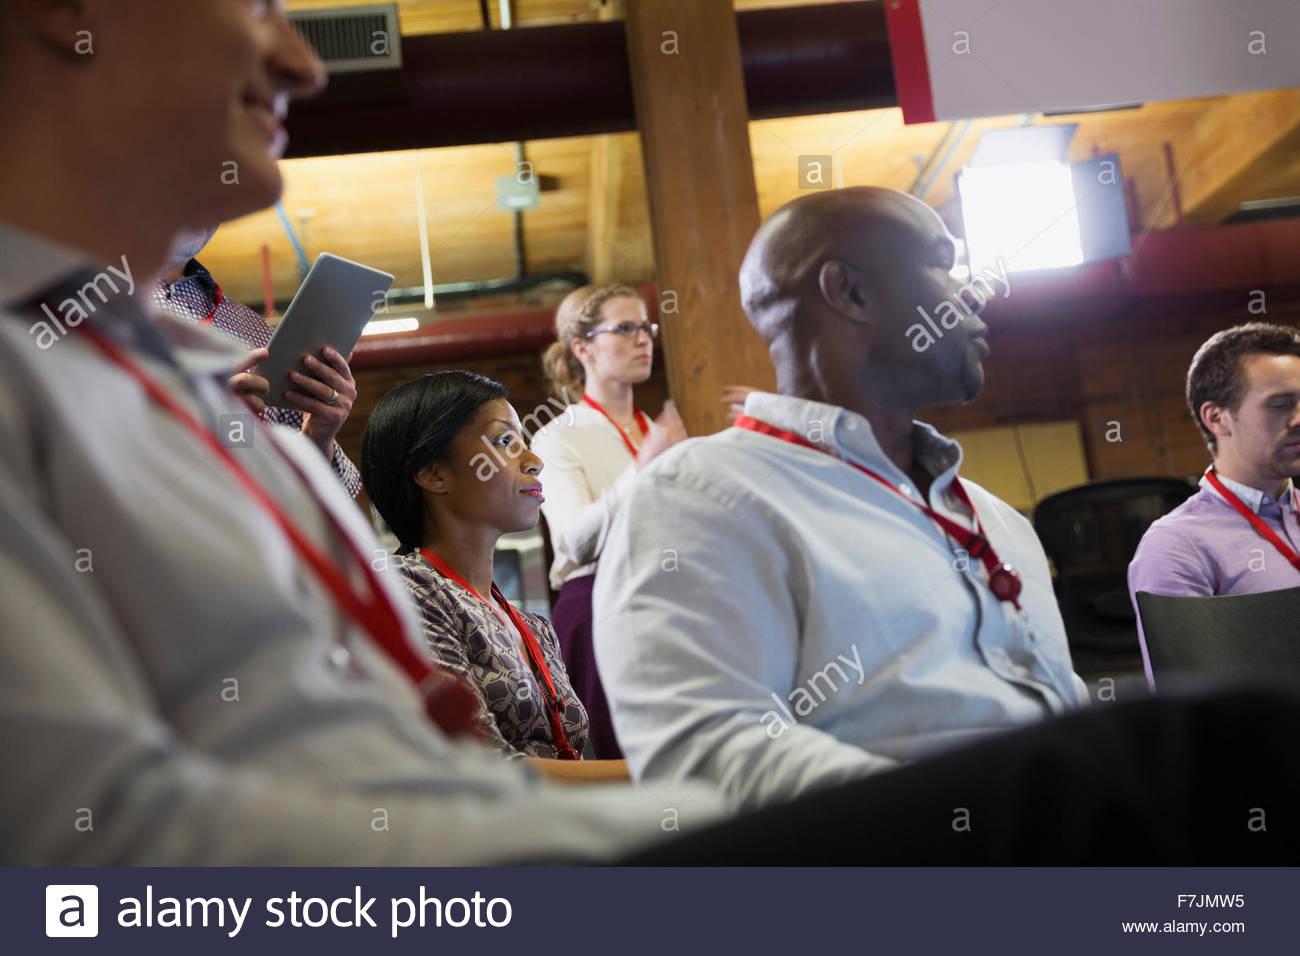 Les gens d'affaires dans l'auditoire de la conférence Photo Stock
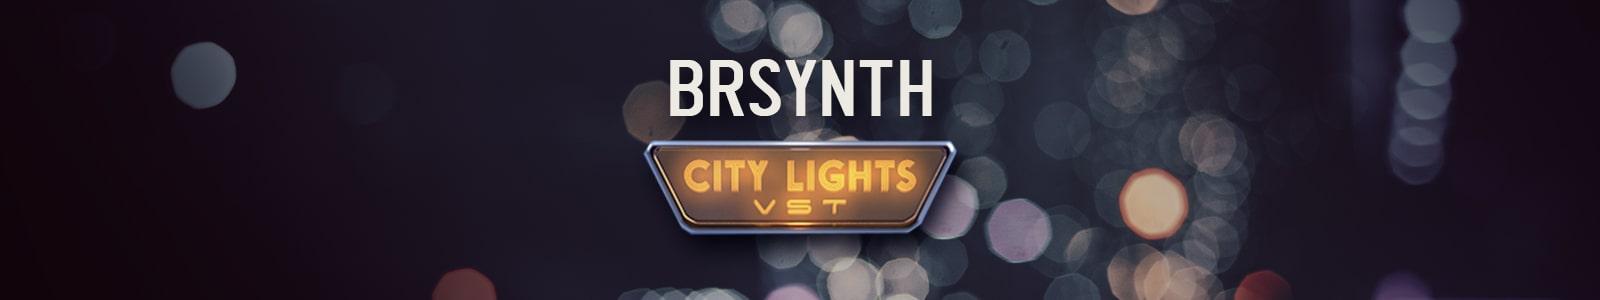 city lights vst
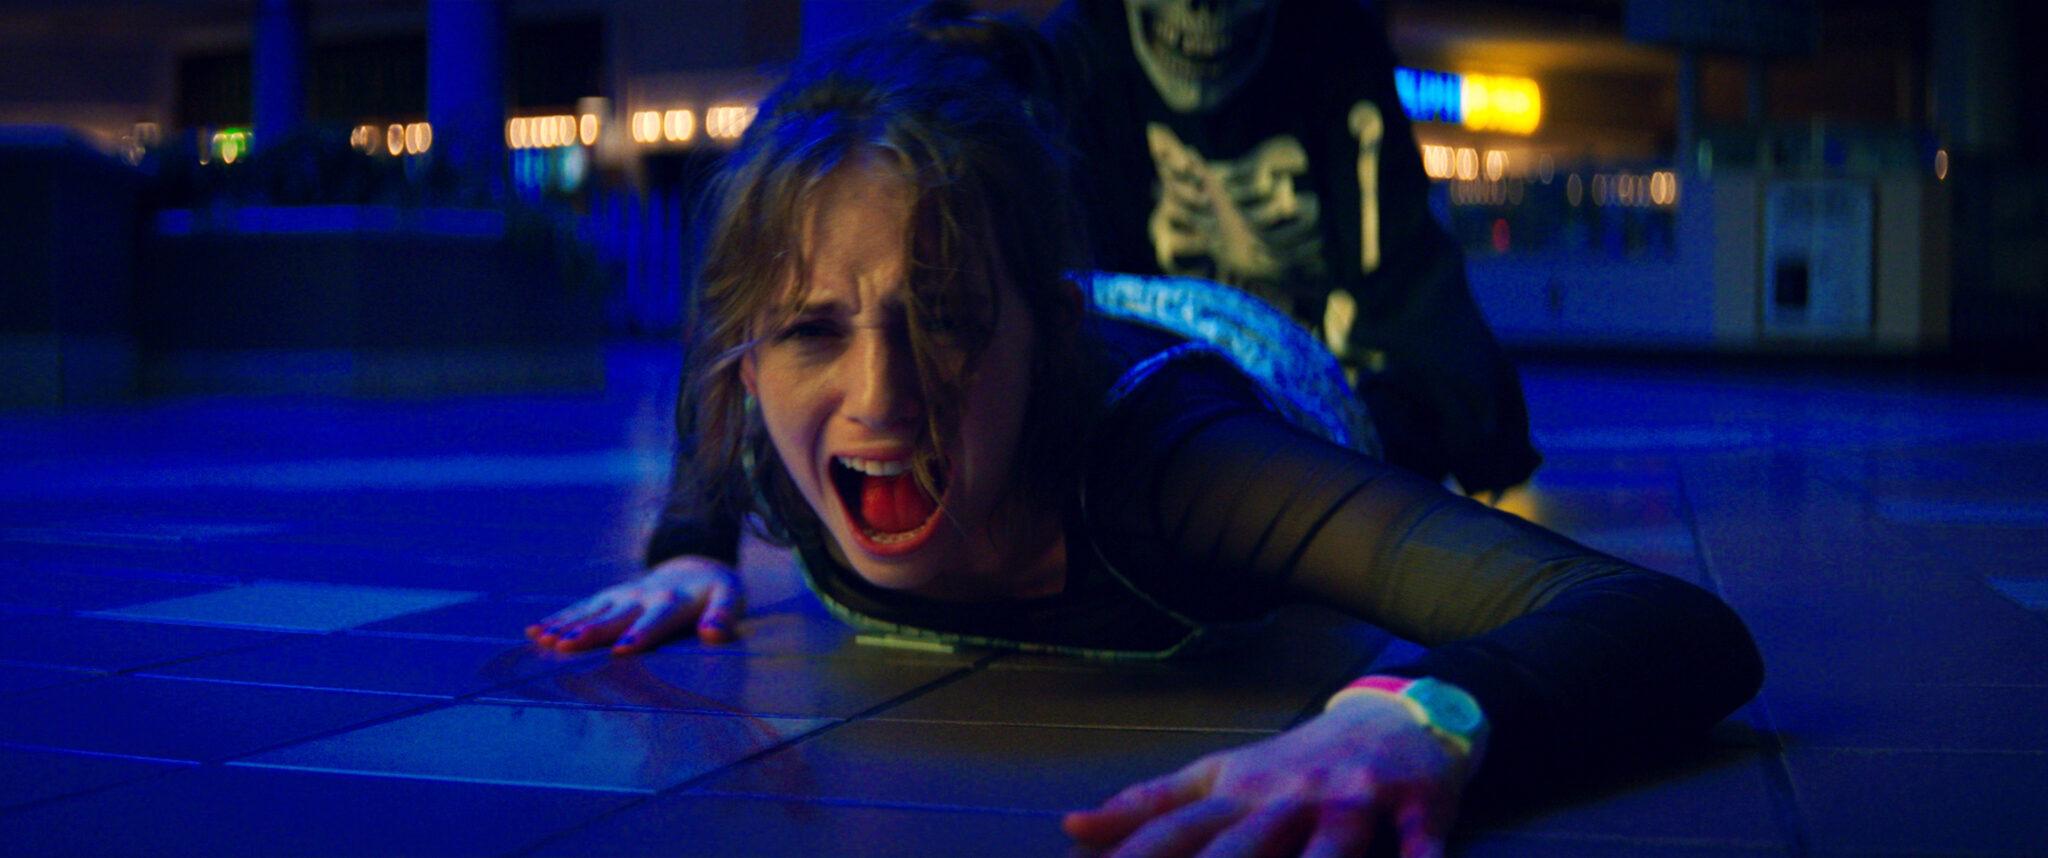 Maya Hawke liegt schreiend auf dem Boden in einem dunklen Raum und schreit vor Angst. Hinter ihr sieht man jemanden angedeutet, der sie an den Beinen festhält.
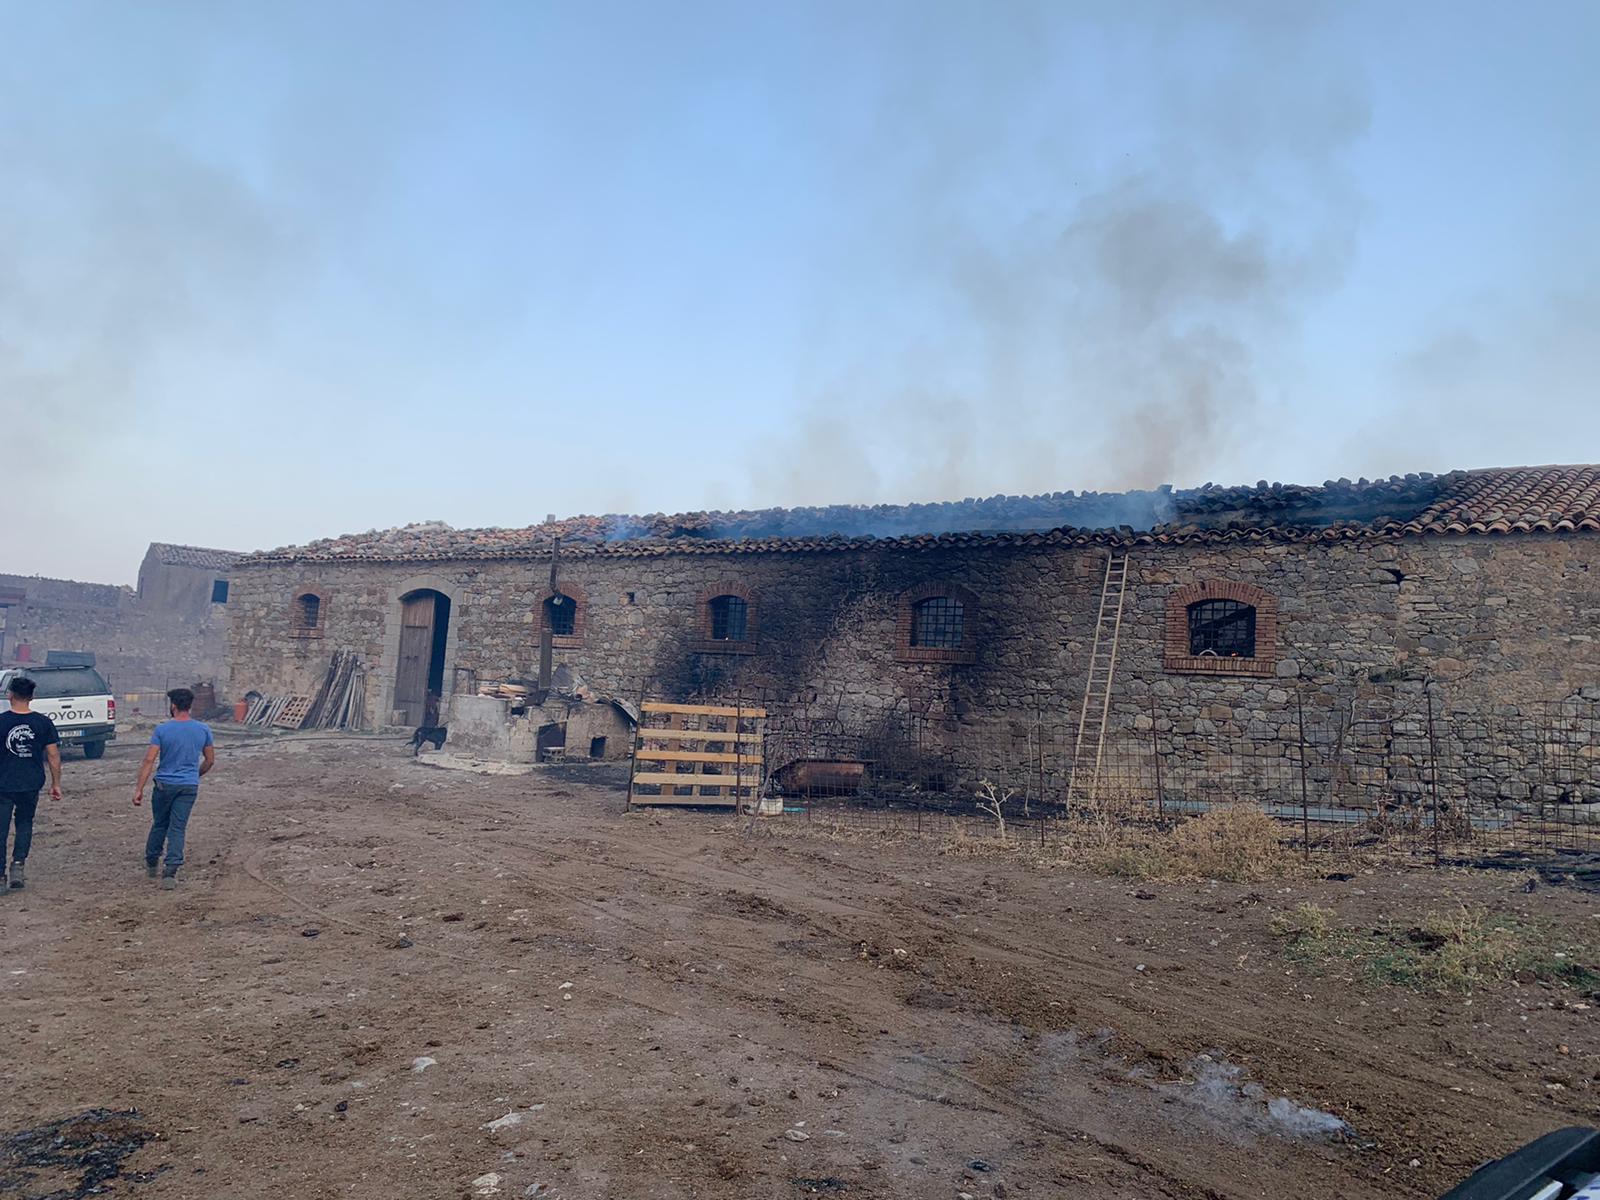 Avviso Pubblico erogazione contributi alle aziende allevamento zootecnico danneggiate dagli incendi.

·····

• Exercise directions:
A verbatim retyping of the listing, without any pictures, is the expected answer.

• Task response:
 Les gens d'affaires dans l'auditoire de la conférence Photo Stock
 city lights vst
 Maya Hawke liegt schreiend auf dem Boden in einem dunklen Raum und schreit vor Angst. Hinter ihr sieht man jemanden angedeutet, der sie an den Beinen festhält.
 Avviso Pubblico erogazione contributi alle aziende allevamento zootecnico danneggiate dagli incendi.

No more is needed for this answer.